En los primeros 5 días se registraron 7 crímenes, entre ellos el de un niño de 11 años, que fue atacado a tiros mientras estaba junto a otros chicos y su familia y fue velado a metros de donde lo mataron. Este lunes se conoció que una escuela recibió 15 balazos, por lo que se suspendieron las clases. La semana pasada la ciudad estuvo en boca de medios de todo el mundo, luego del ataque a tiros contra el supermercado de la familia de Antonela Roccuzzo, esposa de Messi.

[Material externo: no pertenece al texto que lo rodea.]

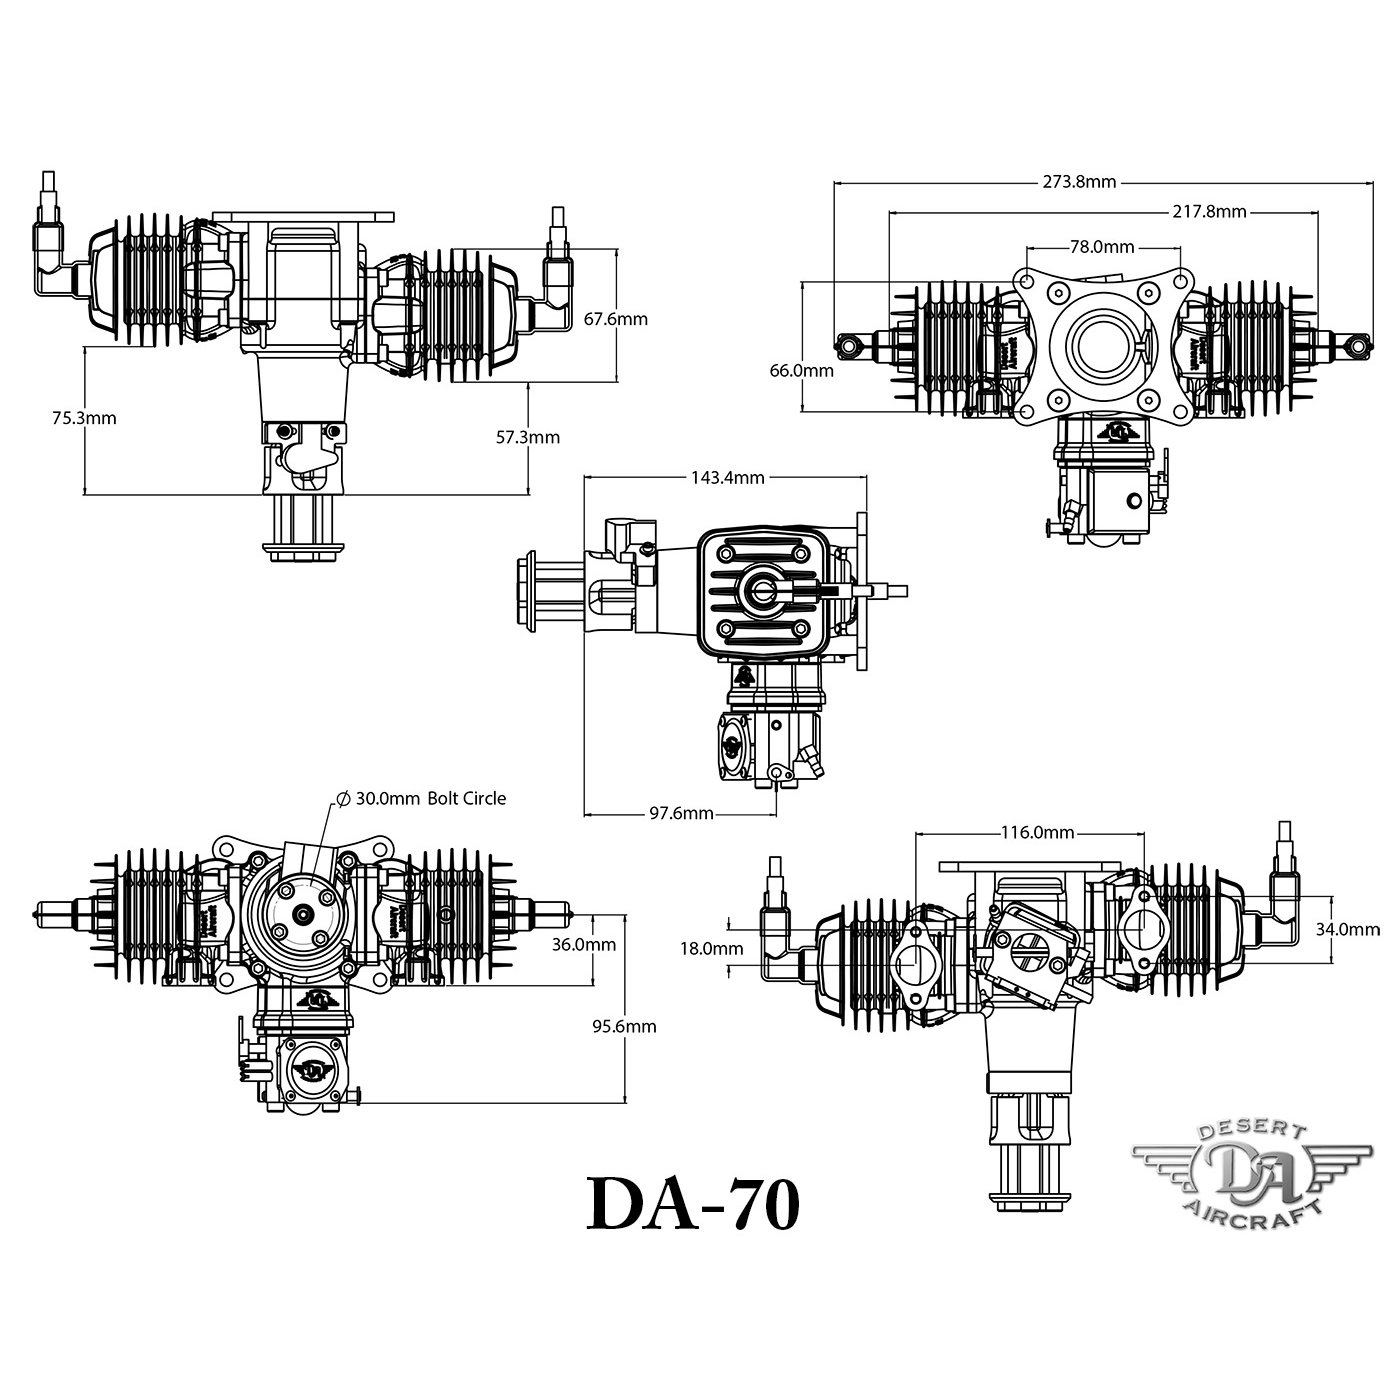 Desert Aircraft 70cc Twin Petrol Engine - DA-70 - Rs 71,512 00

En Rosario se superaron los límites en materia de inseguridad. Es una frase que se torna repetida, al igual que las balaceras, las muertes y los ataques con tinte mafioso y entorno narco, con mensajes intimidatorios. Este fin de semana, demostrando que la calle de la ciudad gobernada por Pablo Javkin está tomada por la violencia, un niño de 11 años fue asesinado de un disparo que le perforó el cuerpo. Este lunes fue velado en un club del barrio donde lo encontró la muerte, donde familiares, vecinos y docentes de la escuela a la que asistía despidieron sus restos.
El dolor ante la muerte, el duelo ante la partida de un ser querido, es algo prácticamente inexplicable. Las páginas policiales todos los días hablan de muerte, de números, de estadísticas, que en Rosario se van superando en forma periódica. Pero esos números nada dicen de las otras víctimas, las que quedan buscando explicación ante lo que podría haber sido evitado.
Ese es el caso de Máximo Geres, el niño de 11 años que fue asesinado en la noche del sábado cuando estaba junto a otros niños y varios adultos, en calle Cabal al 1300 bis, de la zona conocida como Los Pumitas, en barrio Empalme Graneros, celebrando un cumpleaños.
En la mañana de este lunes 6, familiares del chico, vecinos y hasta docentes de la escuela N° 1344 Bilingüe Taigoye, a la que asistía, participaron del velatorio que se llevó a cabo en el club Los Pumas, ubicado en el corazón del barrio.
En los alrededores había varios coches policiales, con una importante cantidad de uniformados, que miraban en silencio lo que pasaba en la puerta del club ubicado en calle Cottone al 100 bis.
“No podemos vivir así; los chicos son inocentes y ahora estoy yendo al club a recibir el cuerpo de mi sobrino. Estamos todos destrozados, son chicos sanos; él había jugado al fútbol, terminó a las 18, y pasó lo que pasó”, dijo en la mañana de este lunes Antonia, tía del niño asesinado.
“Estamos todos destrozados. Me lo mataron. Son chicos sanos, estaban jugando a la pelota y pasó lo que les pasó. Quiero justicia para que no haya más Máximos en el barrio. Lo único que pido es que se haga justicia”, agregó.
Por su parte, Alfredo, uno de los maestros del niño asesinado opinó que con la balacera “ya se les fue la mano».